Дверь захлопнулась. Кухарка вернулась на кухню.

Григорий Сергеич большими горячими руками принялся расстегивать на гувернантке платье. Она замерла от страха, но с каждой секундой восторг нарастал, тело стало гореть…

– Красивая грудь у тебя, – шепнул он. – Ведь я так и думал, что очень красивая. А ты оказалась еще даже лучше. Ты взглядов моих, что ли, не замечала?

Он поцеловал её голую грудь.

– При Татке мне было нельзя. Запретила. Такая малютка была, а ревнивая! И всё повторяла, что мама вернётся. Жена моя, Оля. Я ей объяснял, что мёртвые не возвращаются. «Откуда ты, папочка, знаешь? Откуда?» Так все говорят. А она за своё! «Увидишь – вернётся. Проснёмся, а мама в столовой сидит».

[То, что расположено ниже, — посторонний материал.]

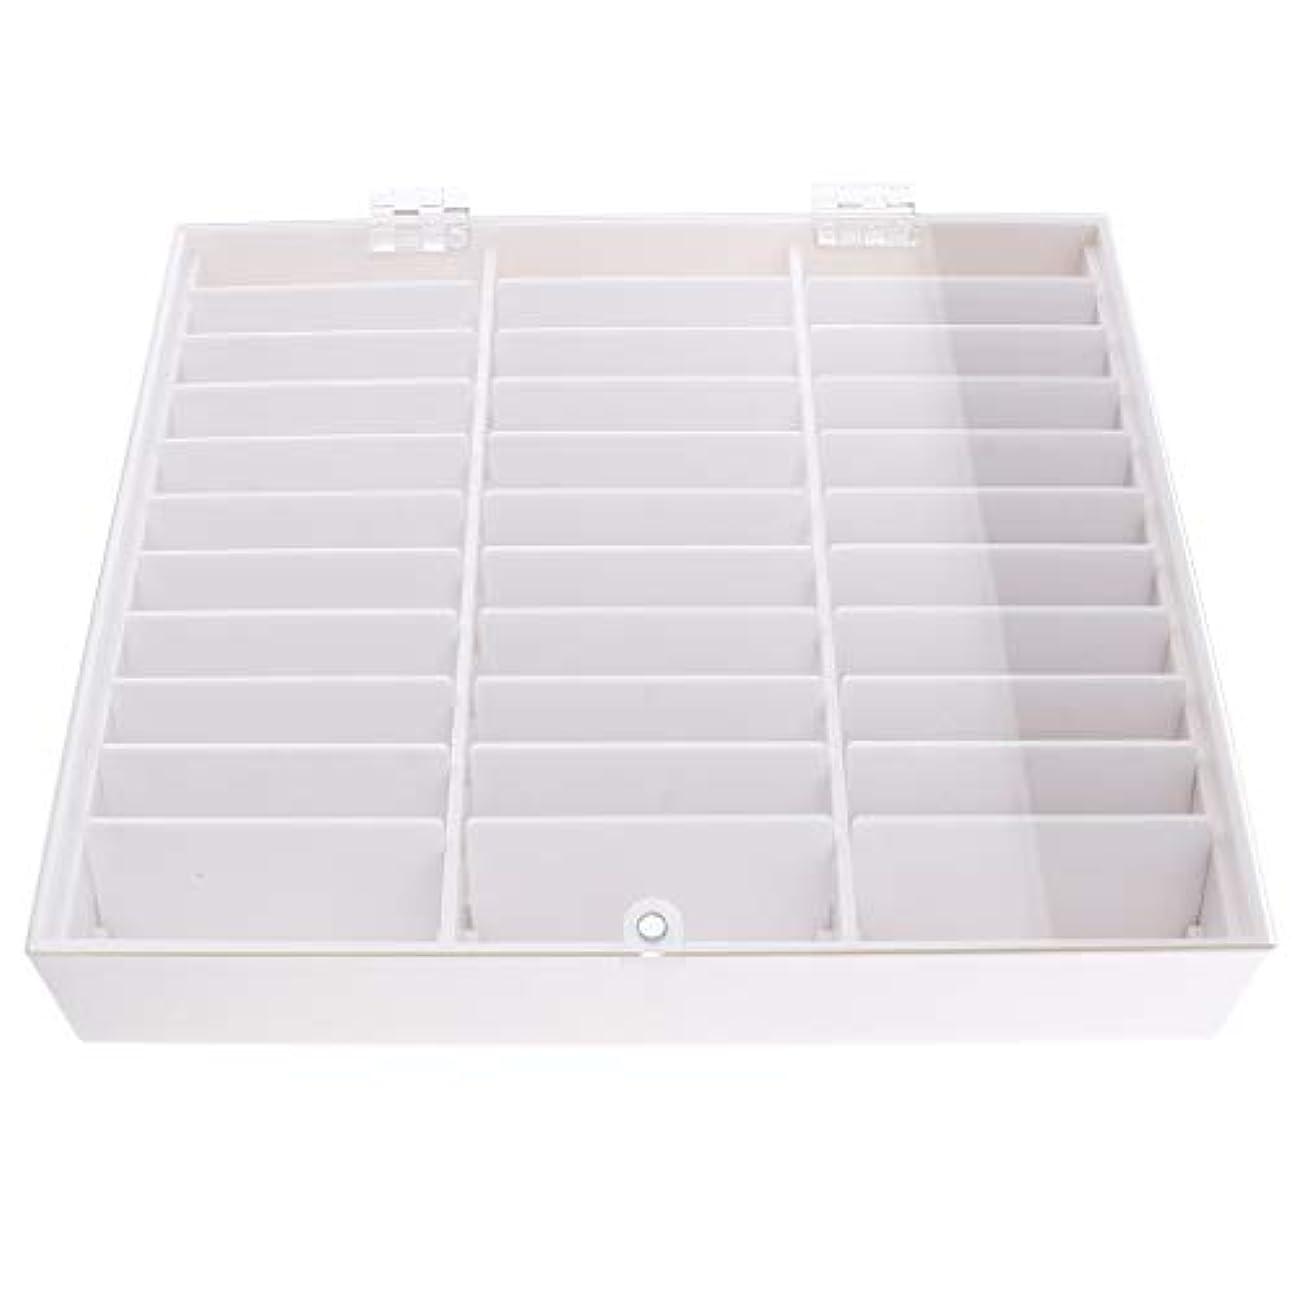 グローアスペクト学ぶネイルアート パーツ ネイルチップ 収納ボックス ディスプレイ ケース アクリル 全2色 - 白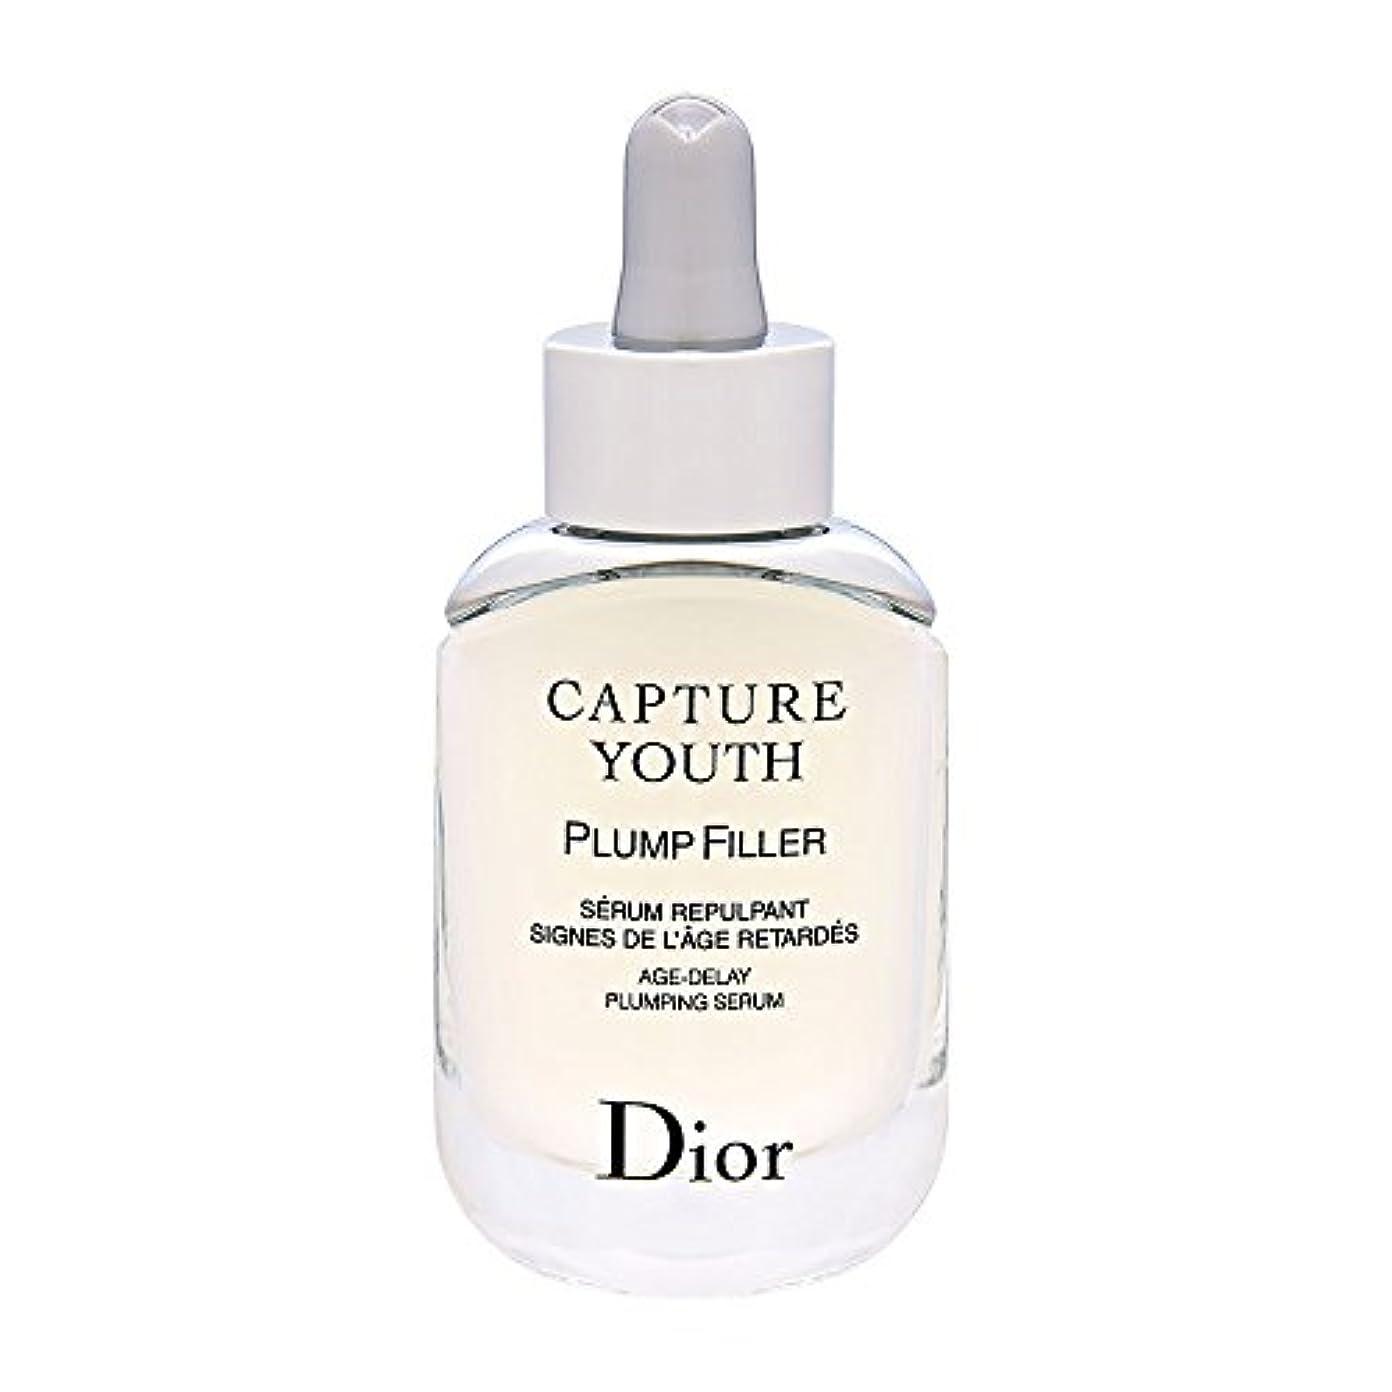 クリスチャンディオール Christian Dior カプチュール ユース プランプフィラー 30mL [並行輸入品]

Григорий Сергеич с ласковым недоумением покачал головой. Сухие ищущие губы прижались сначала к щеке гувернантки, потом оцарапали ей подбородок. Он жадно припал к её рту, раздвинул его, и горячий язык ударил по небу, обжег и застыл… Она задохнулась. Никто никогда её не желал с такой силой. Никто. Она вся раскрылась навстречу. Сглотнула с готовностью его горькую слюну, почувствовала слабый вкус табака на своих деснах и сразу упала на спину, раздвинула ноги под клетчатой юбкой.


В середине лета на дне заметили, что русалка становится равнодушной к играм, всё чаще норовит выскользнуть на поверхность и глаз не спускает с земли. Пошептались с чертом. Ответил готовностью. Выбор пал на молодого купца Хрящева. Тот собрался, снял сапоги, чтобы полы не скрипели, бутылку водки в карман засунул, картуз надел и садами, огородами, как мальчишка какой-нибудь, выбрался к реке. Закинул удочку. Русалка вынырнула посмотреть, хорош ли купчик. С дворянским сословием решили не связываться: те летом разъезжаются по имениям, дачи нанимают, играют в любительских спектаклях. Июльская ночь была тёмная, вся в трелях, как в кружеве. Как раз для греха. И Хрящев понравился. Захаживали ведь и другие купцы, заманивали, предлагали колечки. Короче, вели себя как с балеринами. Там лебедь какой-нибудь вспрыгнет на сцену, руками блеснёт и, закинув головку из мрамора, всю в оперении, пойдет семенить, не касаясь паркета. А в ложе стоит пучеглазый купчина – спина в серой перхоти – да и решает, которого лебедя звать в номера? Вот этого слева аль этого справа?